Most shops in Kathmandu were closed after the government declared a weeklong period of recovery. Only fruit vendors and pharmacies seemed to be doing business.

"More people are coming now," fruit seller Shyam Jaiswal said. "They cannot cook so they need to buy something they can eat raw."

Jaiswal said stocks were running out, and more shipments were not expected for at least a week, but added, "We are not raising prices. That would be illegal, immoral profit."

The quake will probably put a huge strain on the resources of this impoverished country best known for Everest, the highest mountain in the world. The economy of Nepal, a nation of 27.8 million people, relies heavily on tourism, principally trekking and Himalayan mountain climbing.

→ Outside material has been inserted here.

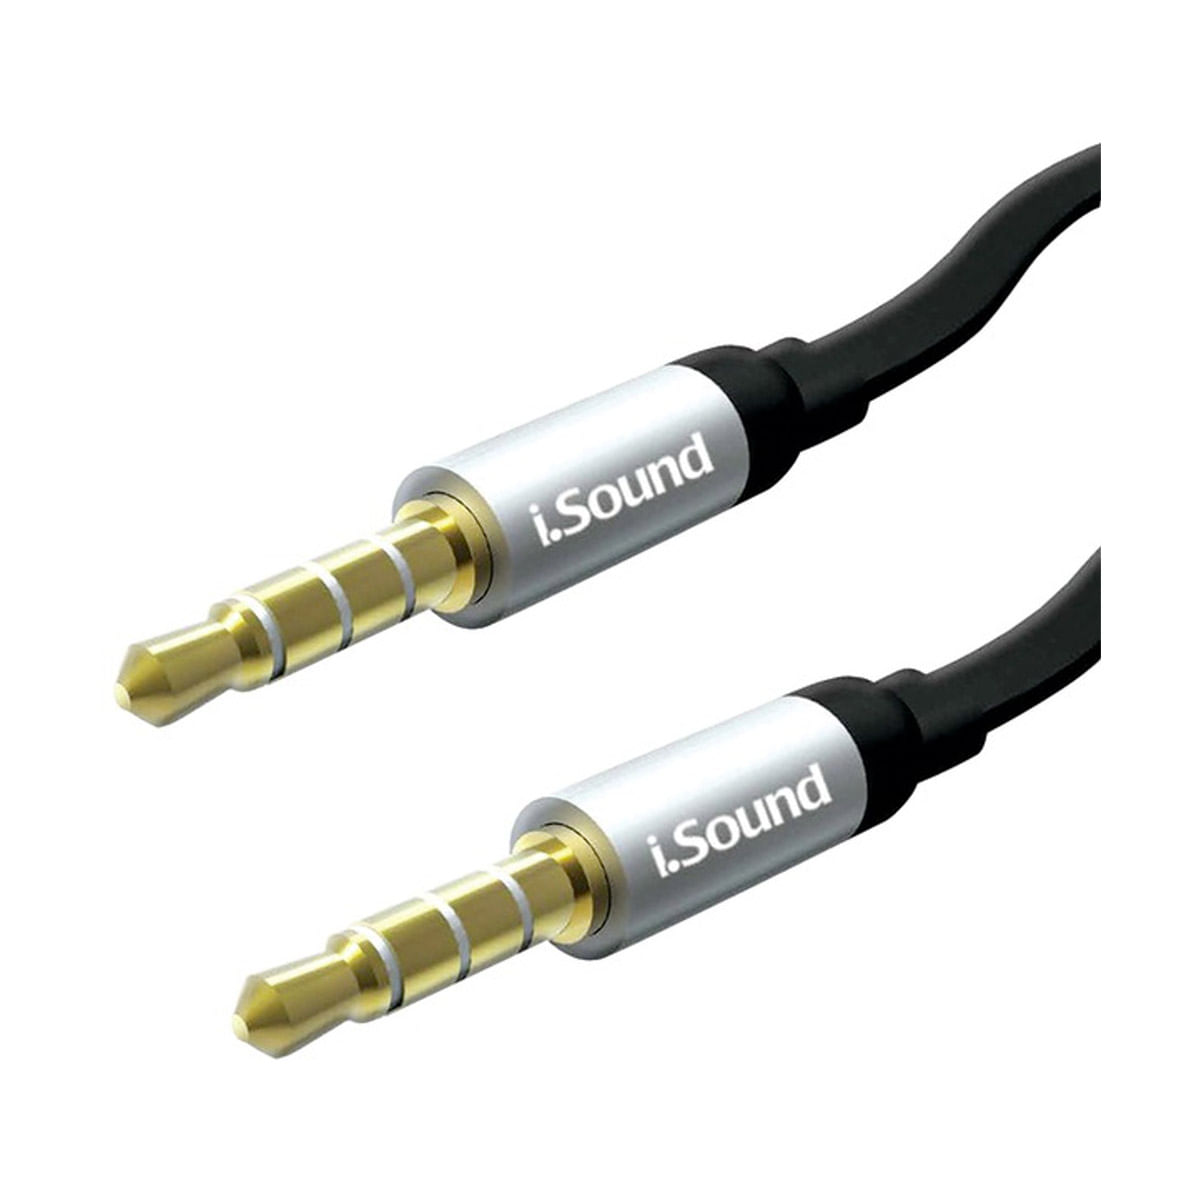 Comprar Cable Jack 3.5 Macho a 2 Jack 6.3 Macho de 1,5 M Online - Sonicolor

The first nations to respond were Nepal`s neighbors - India, China and Pakistan, all of which have been jockeying for influence over the landlocked nation. Nepal remains closest to India, with which it shares deep political, cultural and religious ties.

Other countries sending support Sunday included the United States, Canada, the United Arab Emirates, Britain, Germany, France, Poland, Italy, Israel and Singapore.

An American military plane left Delaware`s Dover Air Force Base for Nepal, carrying 70 people, including a disaster-assistance response team and an urban search-and-rescue team, and 45 tons of cargo, the Pentagon said.